-------- Records to use

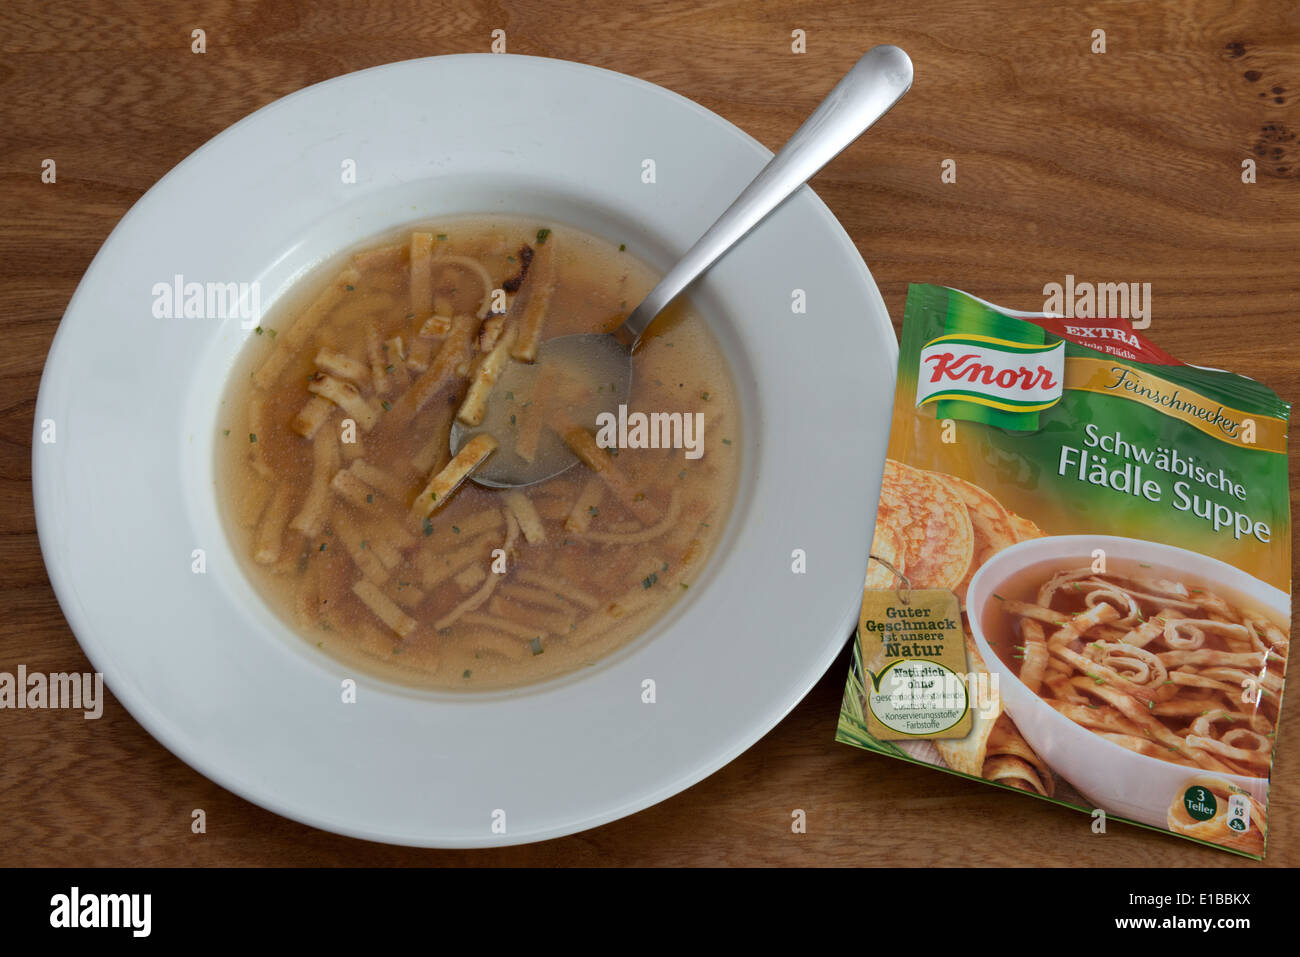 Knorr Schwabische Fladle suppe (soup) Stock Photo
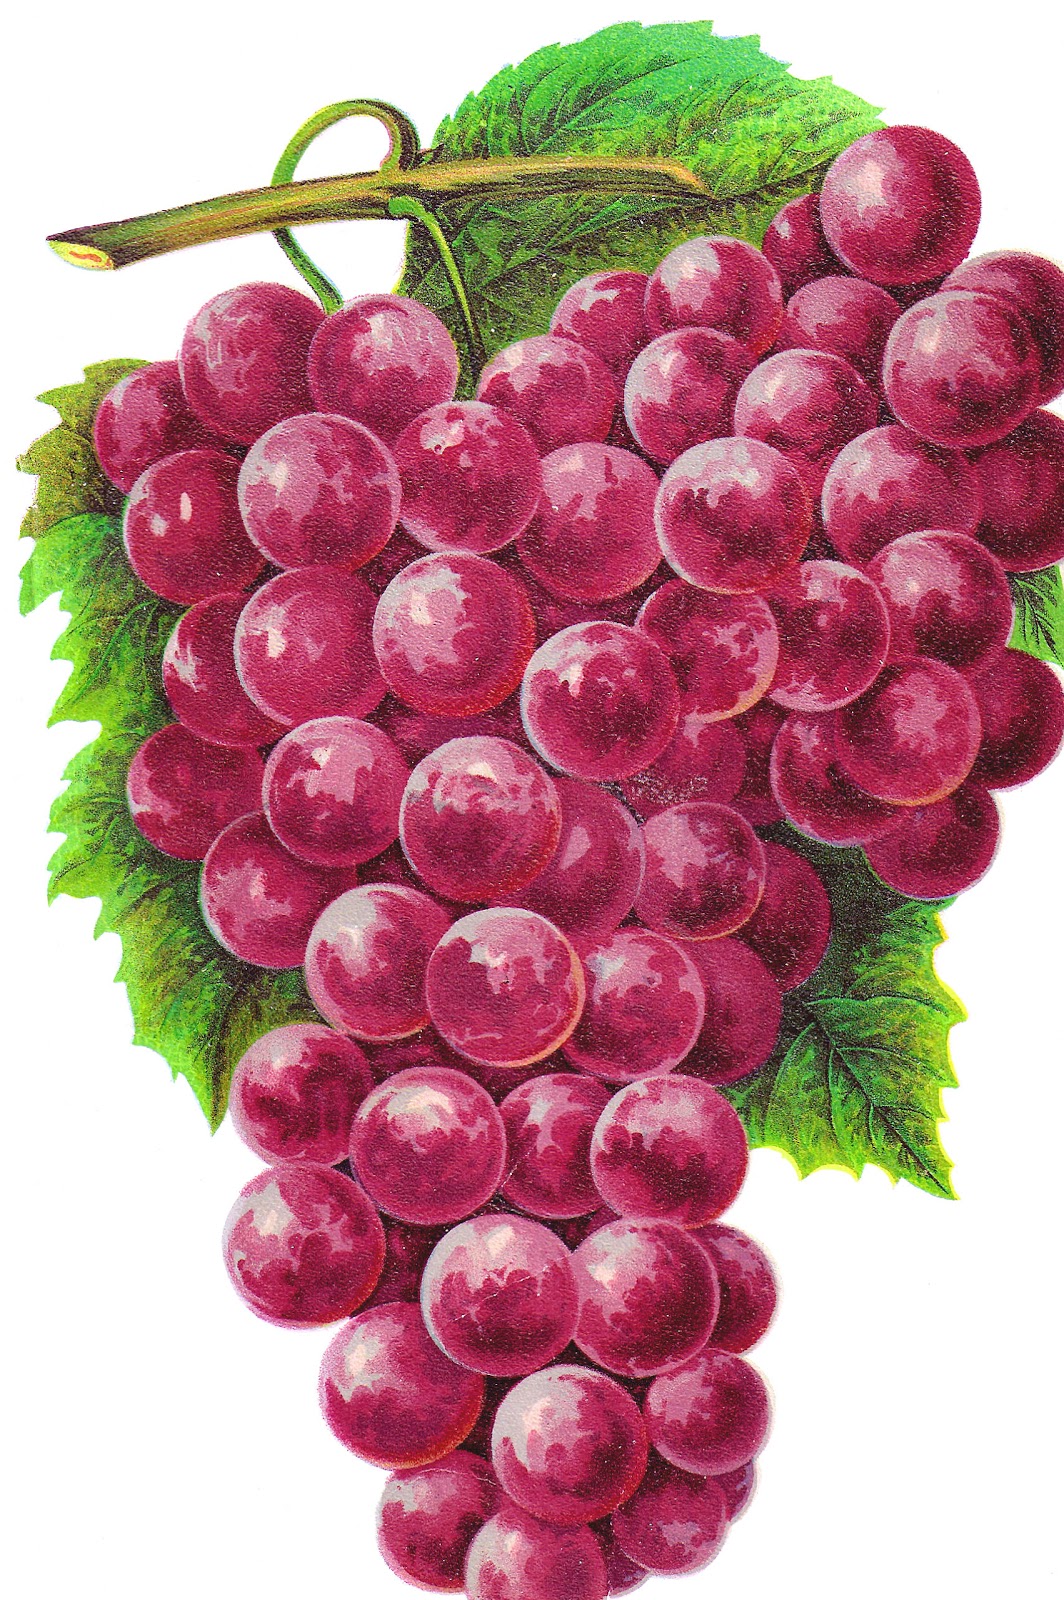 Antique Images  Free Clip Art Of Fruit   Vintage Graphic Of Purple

----------------
-------- Records to use

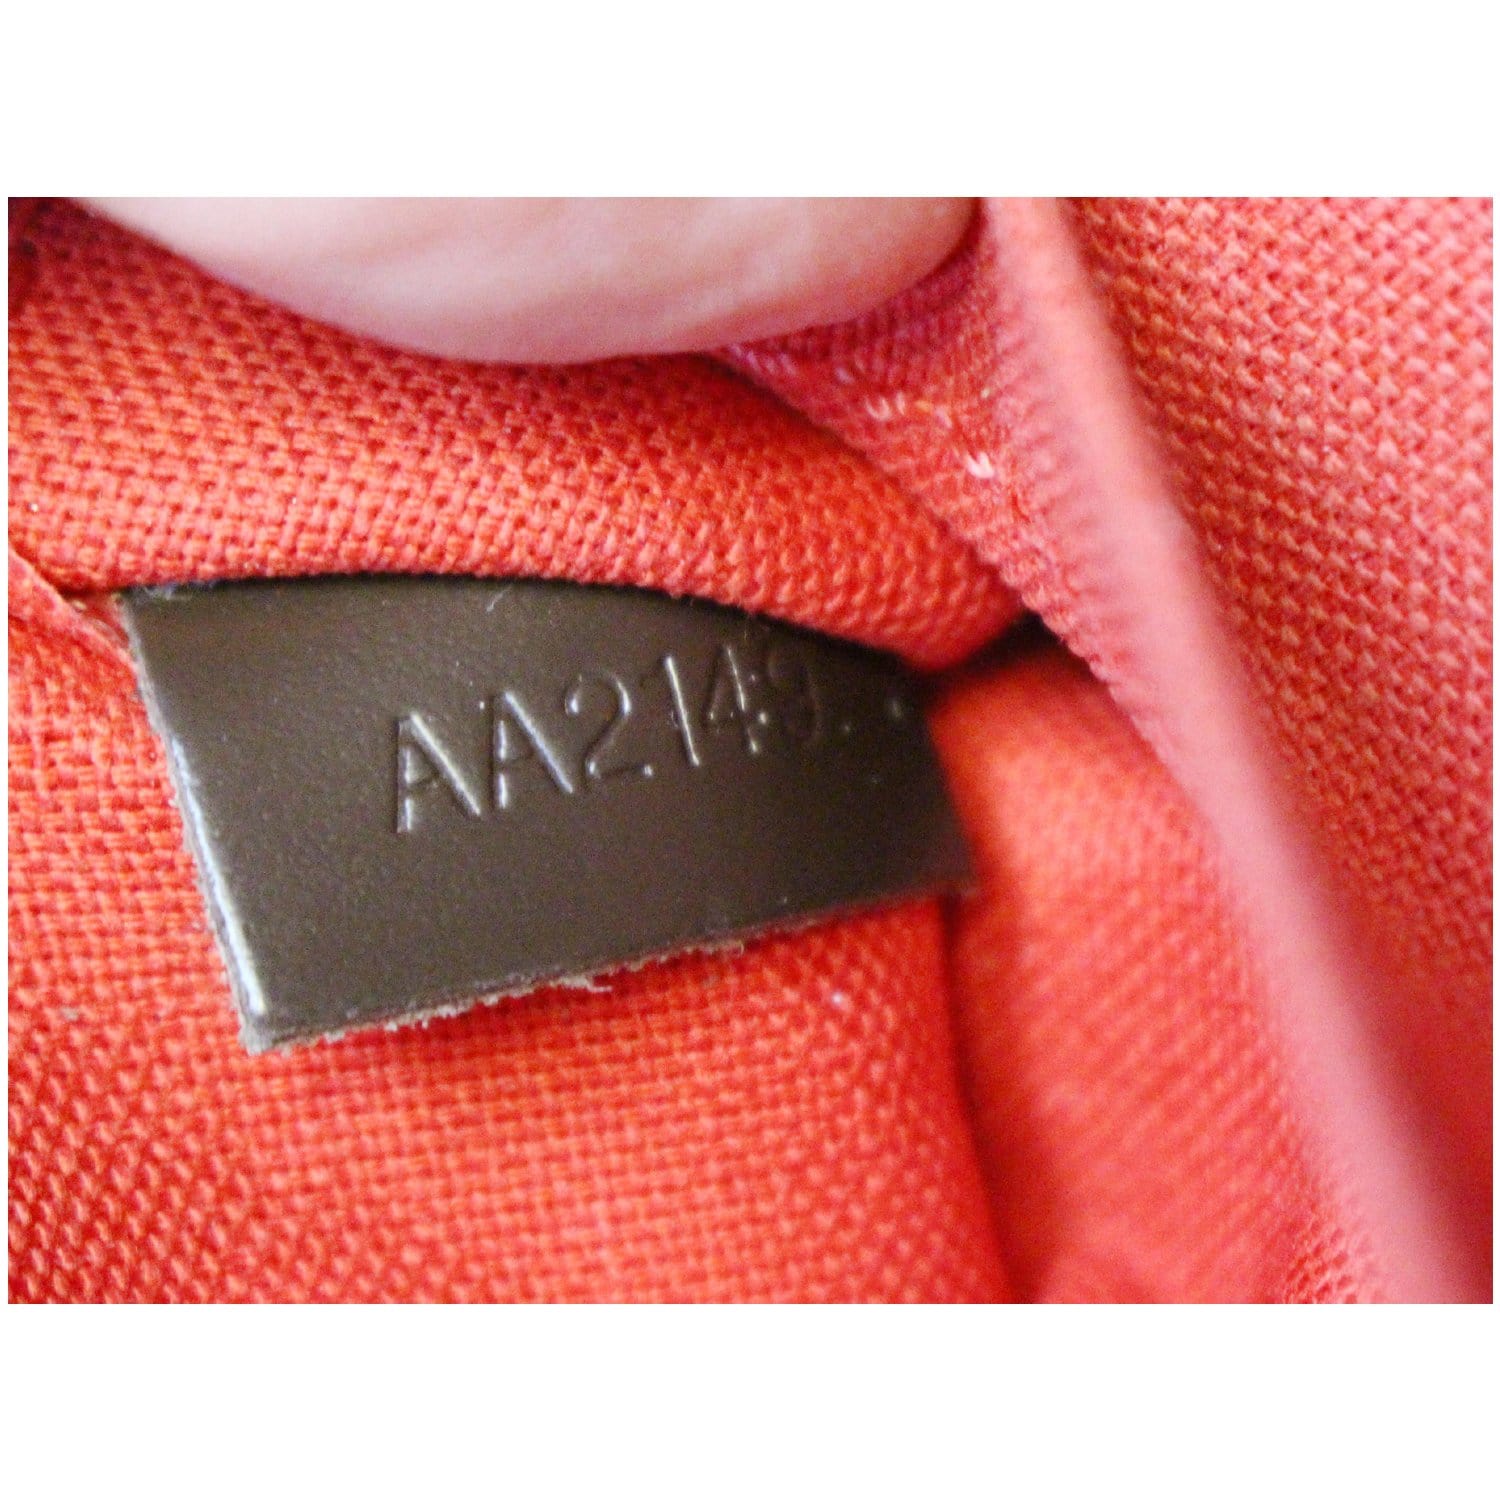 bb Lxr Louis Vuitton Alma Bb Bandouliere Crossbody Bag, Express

----------------

**Task description**
Quote the data above exactly from the line with "Knorr Schwabische Fladle" to the line with "Graphic Of Purple", both ends counted, and nothing else. Pictures don't go in.

**Solution below**
 Knorr Schwabische Fladle suppe (soup) Stock Photo
 Antique Images  Free Clip Art Of Fruit   Vintage Graphic Of Purple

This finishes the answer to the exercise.